Balanced trees

Wed Mar 19 09:42:04 EDT 2014

On Wed, 19 Mar 2014 10:49:33 +0200, Marko Rauhamaa wrote:

> Steven D'Aprano <steve+comp.lang.python at pearwood.info>:
> 
>> If you are in a position to randomize the data before storing it in the
>> tree, an unbalanced binary tree is a solid contender.
> 
> Applications that can assume randomly distributed data are exceedingly
> rare 

Please re-read what I wrote. I didn't say "if your data comes to you 
fully randomized". I said "if you are in a position to randomize the data 
before storing it". In other words, if you actively randomize the data 
yourself.

> and even then, you can't easily discount the possibility of
> worst-case ordering.

Of course you can. If you have a million items, then the odds that those 
million items happen to be sorted (the worst-case order) are 1 in a 
million factorial. That's a rather small number, small enough that we can 
discount it from ever happening, not in a million lifetimes of the 
Universe.

Of course, you would be right to point out that one would also like to 
avoid *nearly* worst-case ordering. Nevertheless, there are Vastly more 
ways that the data will be sufficiently randomized as to avoid degenerate 
performance than the worst-case poor performance.
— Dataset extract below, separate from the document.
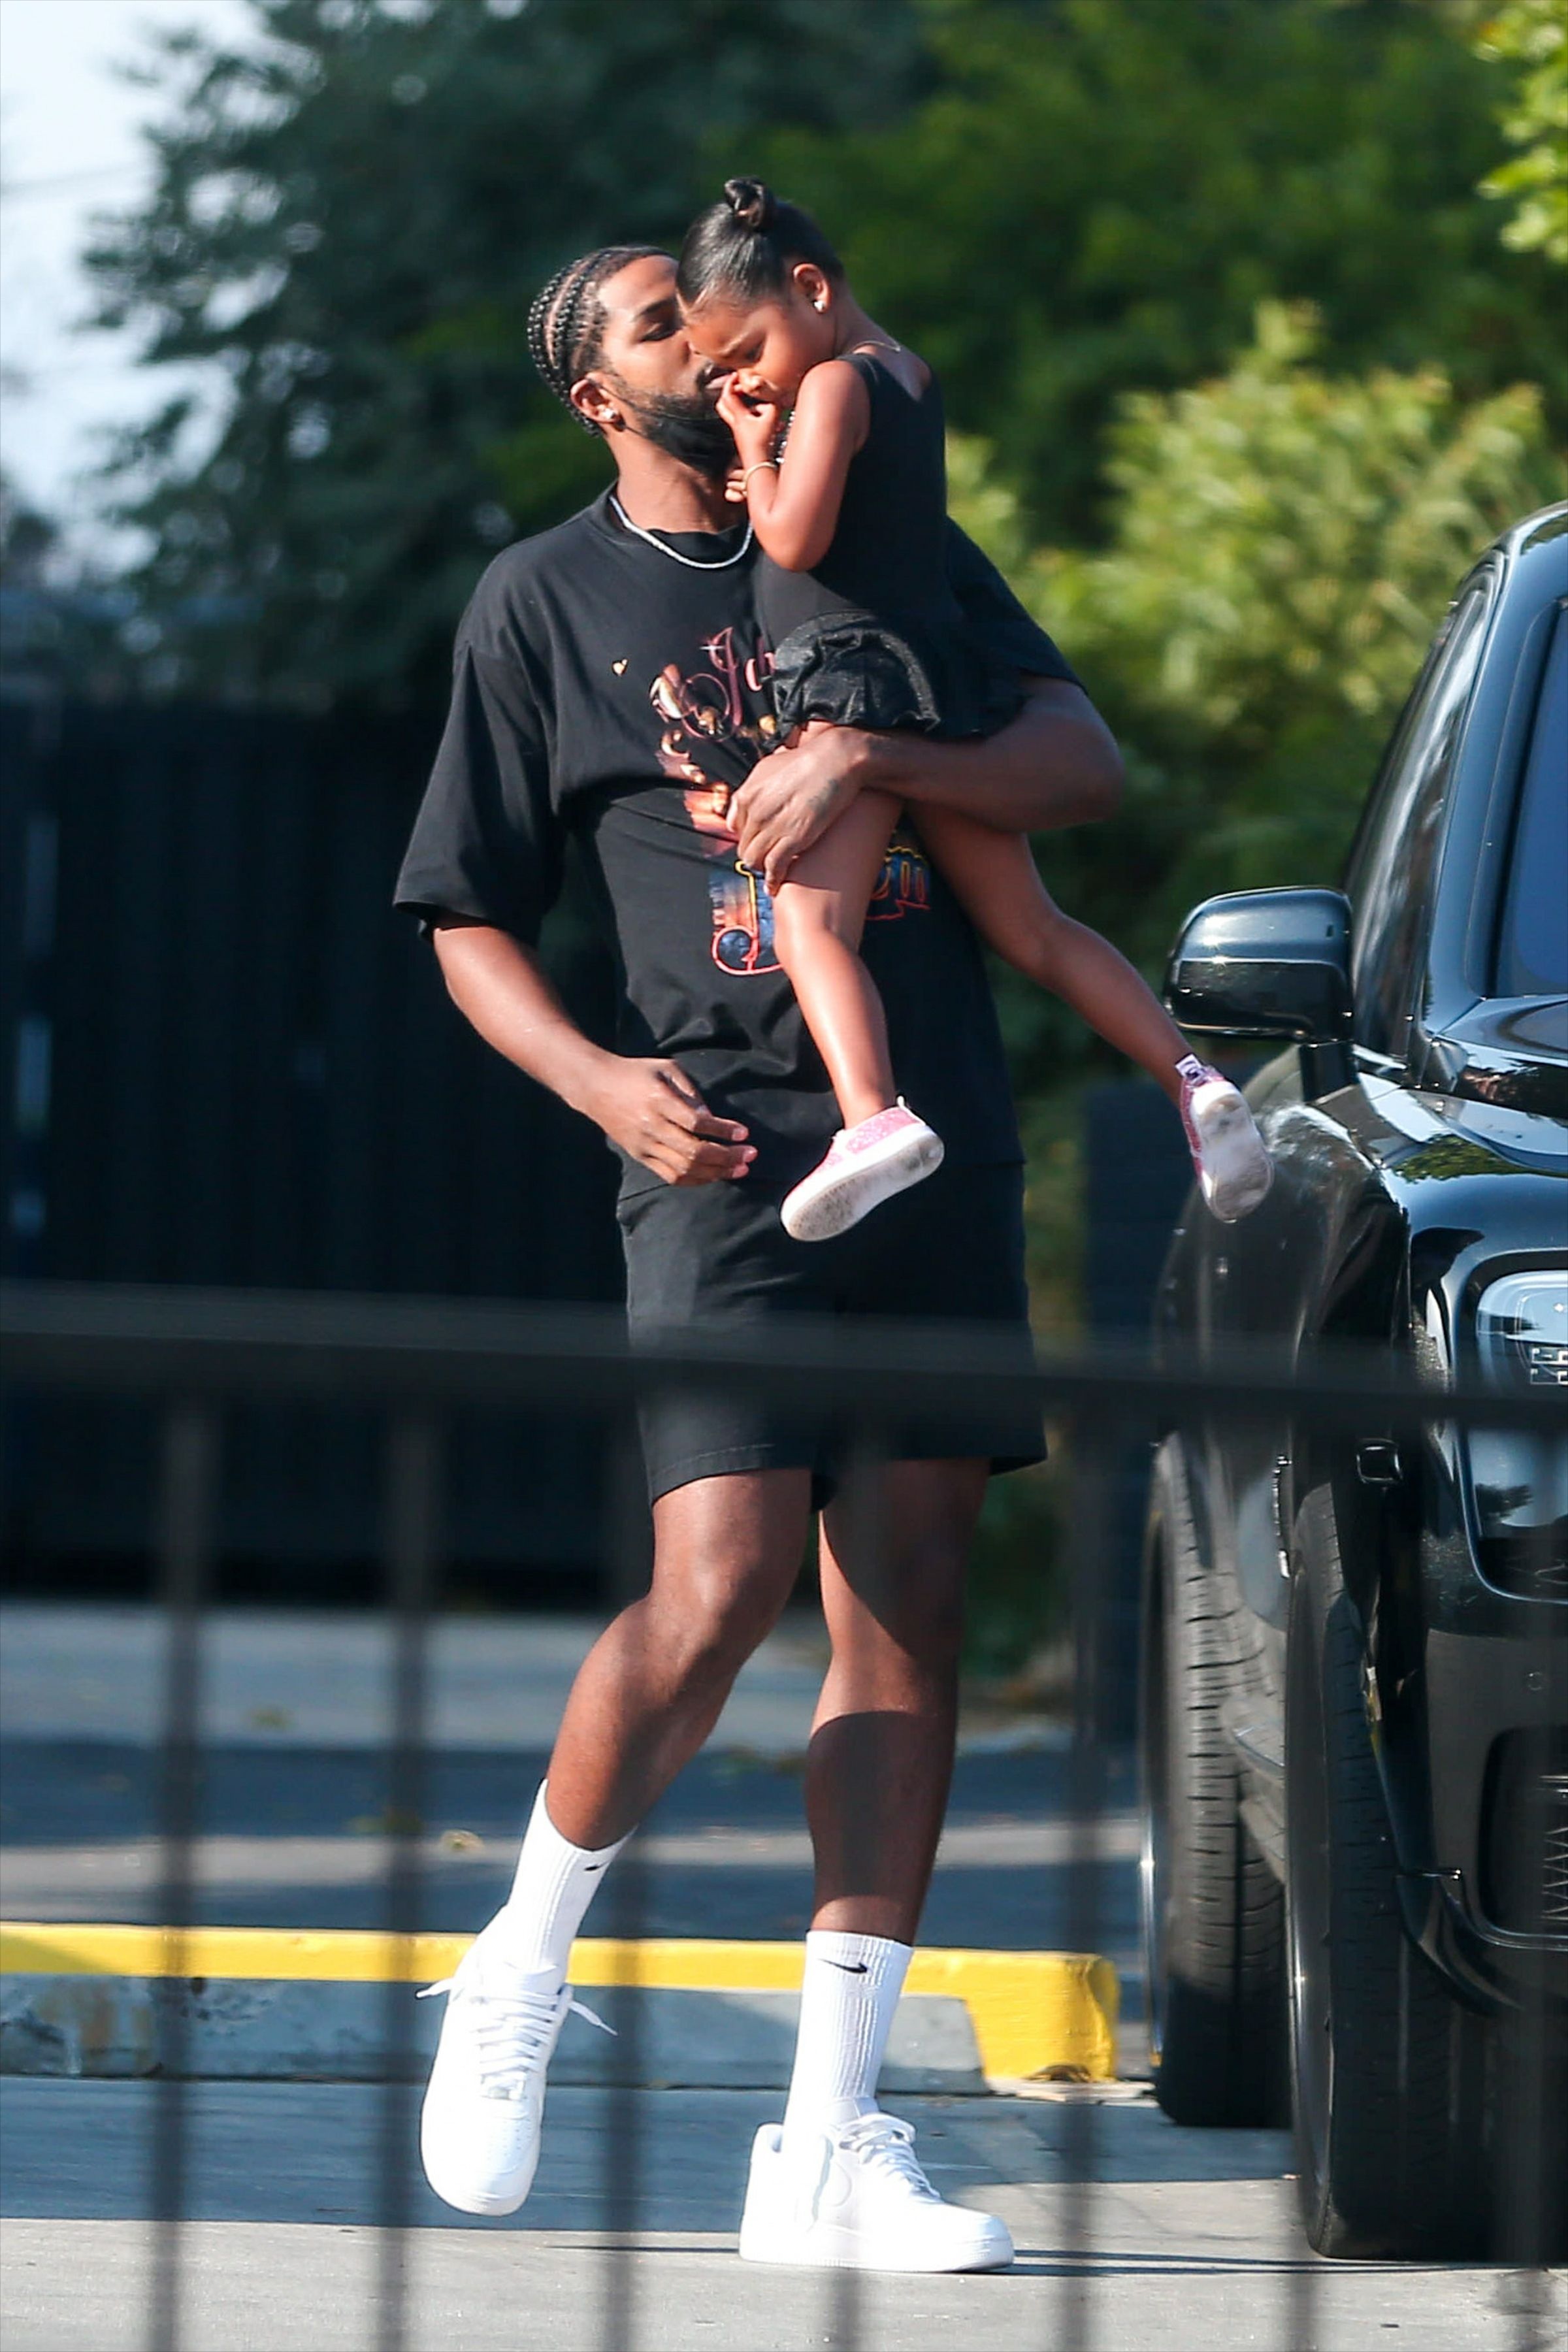 Aqui está o que sabemos sobre a paternidade de Tristan Thompson de seus filhos com Khloé Kardashian

> In fact, Dan himself said unbalanced trees performed so badly he
> couldn't test them satisfactorily.

You're misrepresenting what Dan said. What he actually said was that 
unbalanced trees perform second only to dicts with random data, only with 
sorted data do they perform badly. His exact words were:

"For a series of random keys, it would do quite well (probably second only
to dict), but for a series of sequential keys it would take longer than
anyone would reasonably want to wait"

-- 
Steven D'Aprano
http://import-that.dreamwidth.org/